#  > THEATER FORUM FORA >  > THEATER FORUM - ONDERWERPEN & FOTO'S >  >  Patchkast voor theater

## Tomb

Om praktische redenen willen we een patchkast plaatsen voor onze theaterbelichting.
Lampen en dimmers wordem afgemonteerd op GST18 connectors. Naar noodzaak worden dan dimmerkanalen met lampen verbonden.
De kast is een 19" rack kast met afsluitbare voor- en achterdeur.
We zitten met een aantal vragen hieromtrent:
- dienen de vast-gemonteerde kabels van de lampen-stopkontakten eerst afgemonteerd te worden op een klemmenstrook?
- mag zo'n klemmenstrook (rijgklemmen) vrij in de kast geplaatst worden, bij voorbeeld op een 19" legbord? 
Heeft iemand toegang tot een theater patchkast? En zijn daar fotos van beschikbaar?
allen al bedankt!

----------


## jans

Beste Tomb,

Je hoeft de vaste bekabeling niet via een klemmenstrook te laten lopen.
Des te minder verbindingen des te minder storingsbronnen.
Let er wel op dat je slechts één kabel op een GST connector kunt aansluiten.
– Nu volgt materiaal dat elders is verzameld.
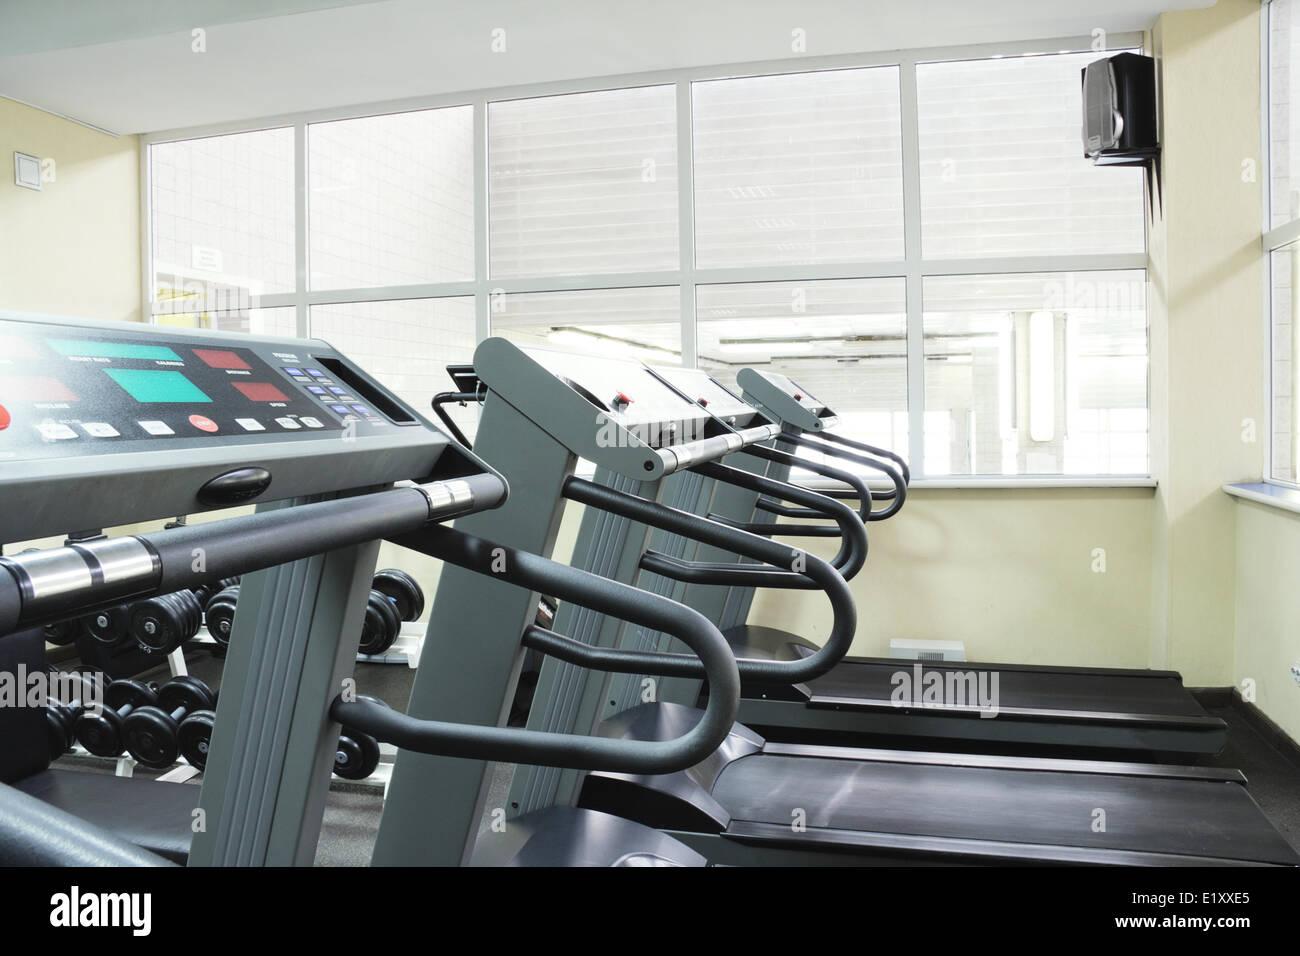 Treadmills - Stock Image
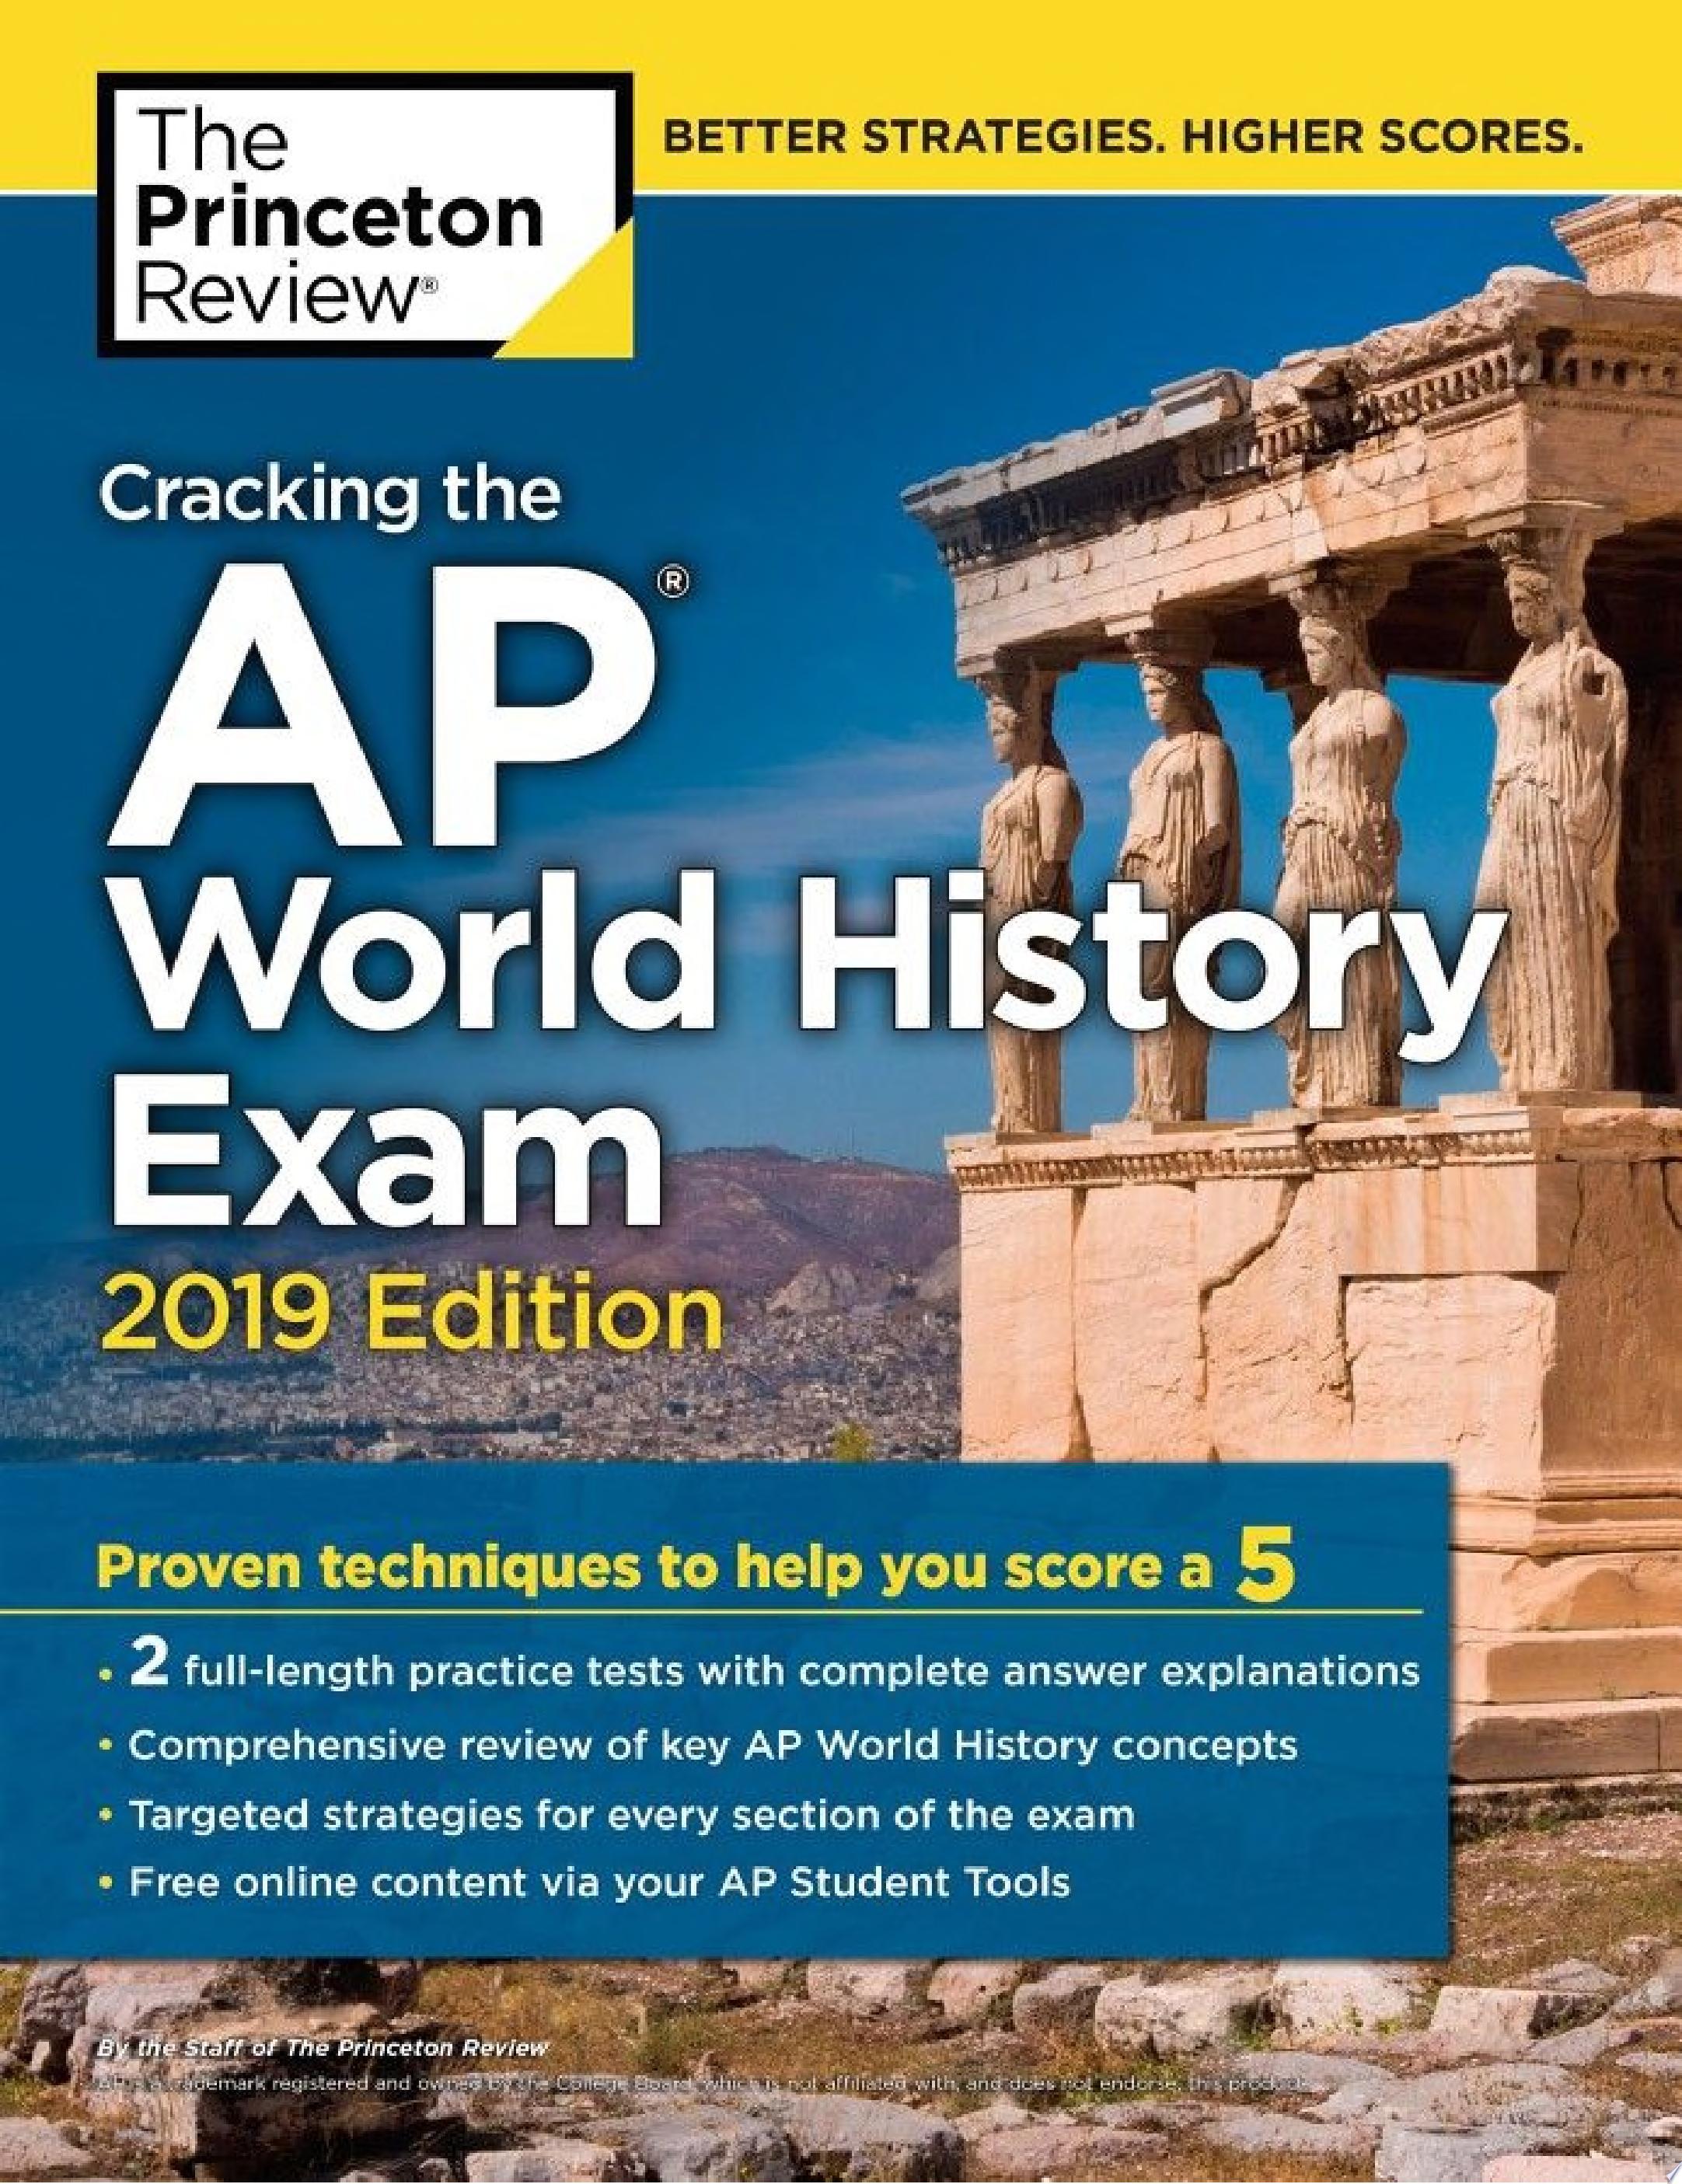 Cracking the AP World History Exam, 2019 Edition

Heb je meer dan zou ik dit wel via een klemmenstrook laten lopen dit is netter en funcioneler dan kabeldozen in een 19" kast.
Waar je wel om moet denken is de trekontlasting van deze bekabeling, dit kun je oplossen door onder of achter de GST aansluitingen een nato-baan te plaatsen waar je de bekabeling op vast zet.

----------


## Tomb

Vermits de dimmer kanalen 20A of 25A kunnen leveren willen we elk kanaal op 2 GST18 connectors afmonteren. De ontdubbeling per kanaal willen we graag via rijgklemmen uitvoeren. Heeft iemand een idee hoe je rijgklemmen in een 19inch patchkast monteert?
al bedankt, allemaal!

----------


## Carl

Een stuk DIN rail achterop een blindplaat?

----------


## Outline

20 of 25A per kanaal? Op 2 GST18's? Ik neem aan dat je 'm dan per GST18 afzekerd op 16A? Anders kunnen er zo maar dingen beginnen te smeulen en/of roken...

Riep er iemand: BRAND!!!! ?

----------